Car le dépressif est un être profond. J’ose dire : insondable. On peut tomber dans un dépressif, comme dans un trou. Le dépressif happe, cette dépression, c’est une porte ouverte un courant d'air, à toutes les questions de la vie, la mort et l’amour dans tout ça ? C’est un puits sans fond, toutefois : le dépressif, pour le moment, n’arrive nulle part.
Parce qu’il s’effondre, le dépressif ne peut quasiment rien pour lui-même, il ne peut pas agir, il s’est coupé les bras et les jambes, il se sent vain, d’office. Pourtant, ce quasiment rien est la seule chance qui lui reste car les autres, proches, familles, société, ne pourront rien pour lui. Au pire, ils entretiendront le dépressif. Au mieux, ils ne feront rien.
Il faut écouter un dépressif (si on en a envie), il faut lui tenir la main et se montrer poli, mais surtout, il ne faut rien faire. Surtout pas. Vous anéantirez la seule chance, le quasiment rien, que le dépressif peut encore faire.

Physiologie. Le dépressif est globalement atone, état qui progresse lentement mais sûrement vers l’asthénie. Un foyer d’énergie monstrueux est détecté uniquement sur l’éminence du sujet. À croire que les rats veulent quitter le navire. Je ne pense pas qu’il s’agisse d’une maladie, ni la conséquence forcée de traumatismes lourds. Je pense qu’il y a des gens qui y sont sujets, surtout. Les facteurs aggravant, disons, sont nombreux. C’est pour cela que je suis convaincue, également, que la dépression ne se soigne pas, surtout pas. Je veux dire, pas avec des molécules qui s’imaginent le faire. On pallie à une dépression, c’est tout. Les antidépresseurs ont des résultats de placebo, avec des effets secondaires, très, très indésirables. 

On croit souvent que c’est une maladie parce qu’il apparaît à la surface du dépressif tout un tas de trucs qui ressemblent furieusement à des symptômes, physiques. Le dépressif tombe souvent malade et il est notoirement hypocondriaque de toute façon. Il somatise plein tube. L’intérieur du dépressif se trouve en fait en surface, il a les tripes à l’air et le cerveau qui déborde, il vomit, se gratte et met tout dehors en permanence. D’où il s’ensuit que la surface est bien cachée, mais aussi que le dépressif a une balance d’énergie négative… Oui, ça devient compliqué. Ça veut juste dire que le dépressif, sous ses dehors d’assiette d’ascète à jeun, se dépense énormément, il a un métabolisme très particulier et en sus, il n’est pas présentable en société, il ne sait pas se tenir ni se comporter. Il n’est pas dans le rythme, possédant et suivant le sien, son visage parle sans qu’il s’en rende compte, ses mots dépassent ses pensées et les gens le trouvent inaccessible.
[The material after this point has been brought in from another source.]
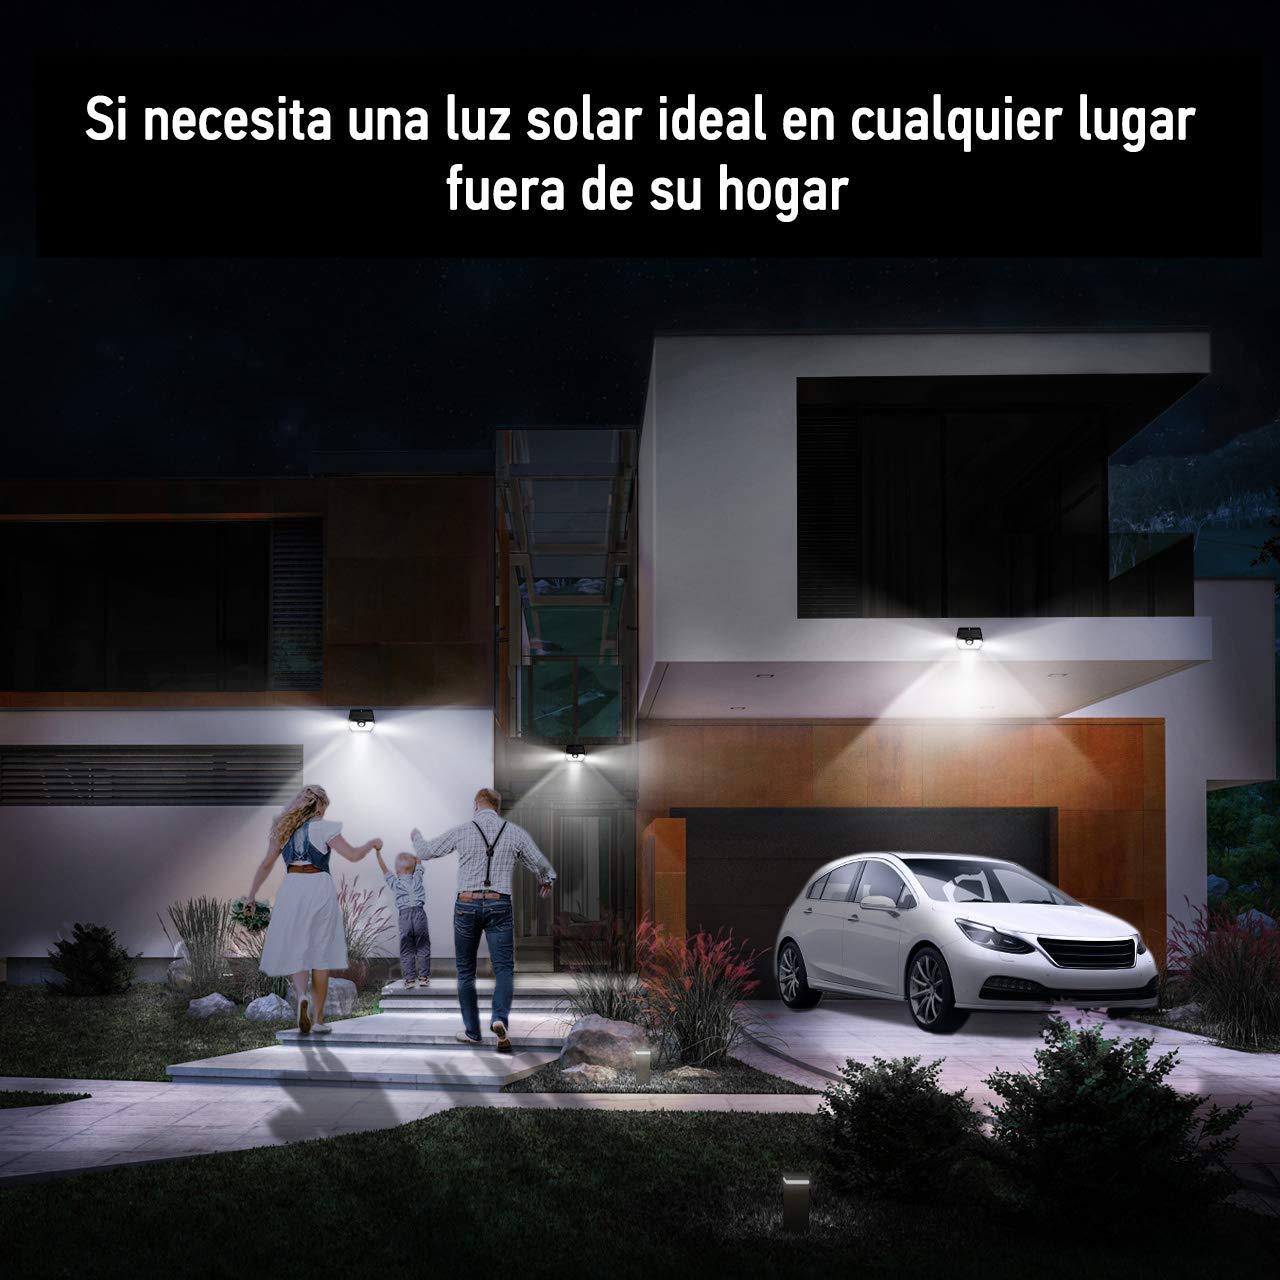 Mpow Luz Solar de Exterior Garaje Patio L/ámpara Solar 20 LED 1 Pieza 270/º Gran Angular de Iluminaci/ón con 120/° Sensor de Movimiento Impermeable Foco Solar de Pared para Jard/ín Camino

Tout un programme, un jour de grand soir. Si on voulait vraiment que ce soit un syndrome, il faudrait dire que c’est à mi-chemin entre l’autisme et l’état bipolaire. Et là, pour soigner ça, les gens, accrochez-vous. Non, arrêtez : le dépressif est une personne comme tout le monde, avant tout.

Effaçons donc ce préjugé de nos esprits : le dépressif ne fait pas que se plaindre. C’est un individu normal, qui s’affaisse en même temps qu’il se plaint. La pression, mine de rien, c’est ce qui permet de tenir debout. De démarrer le matin, et de pulser toute la journée. On a besoin de pression pour vivre. Elle ne doit pas nous écraser, mais elle ne doit pas s’évaporer non plus, sinon on perd le dépressif. Il faut être tout particulièrement exigeant avec un dépressif (si vous en avez envie). Pour pas tomber dedans, d’abord, et pour lui rendre service, à la limite. Faites comme d’habitude, comme vous feriez avec n’importe qui d’autre, comme pour quelqu’un qui compte pour vous si c’est le cas. Vous le mettrez au supplice : quôa, tu exiges l’impossible, à môa ? Affreux. Le dépressif régresse, car il n’évolue plus. Tant que le dépressif rengaine un « dans quel état j’eeeeeeerre », ce qui peut durer des années et des années, la situation se fait de plus en plus dramatique.

Le modèle physiologique du dépressif est le vase clos. C’est un circuit qui se mord la queue en se prenant la tête, sans rein, sans foie, sans filtre. Le dépressif s’empoisonne.

On sait aujourd’hui ce qui soigne les dépressifs, mais ça, personne ne peut lui accorder et comme je disais, il y est quasiment allergique : l’air pur. La liberté.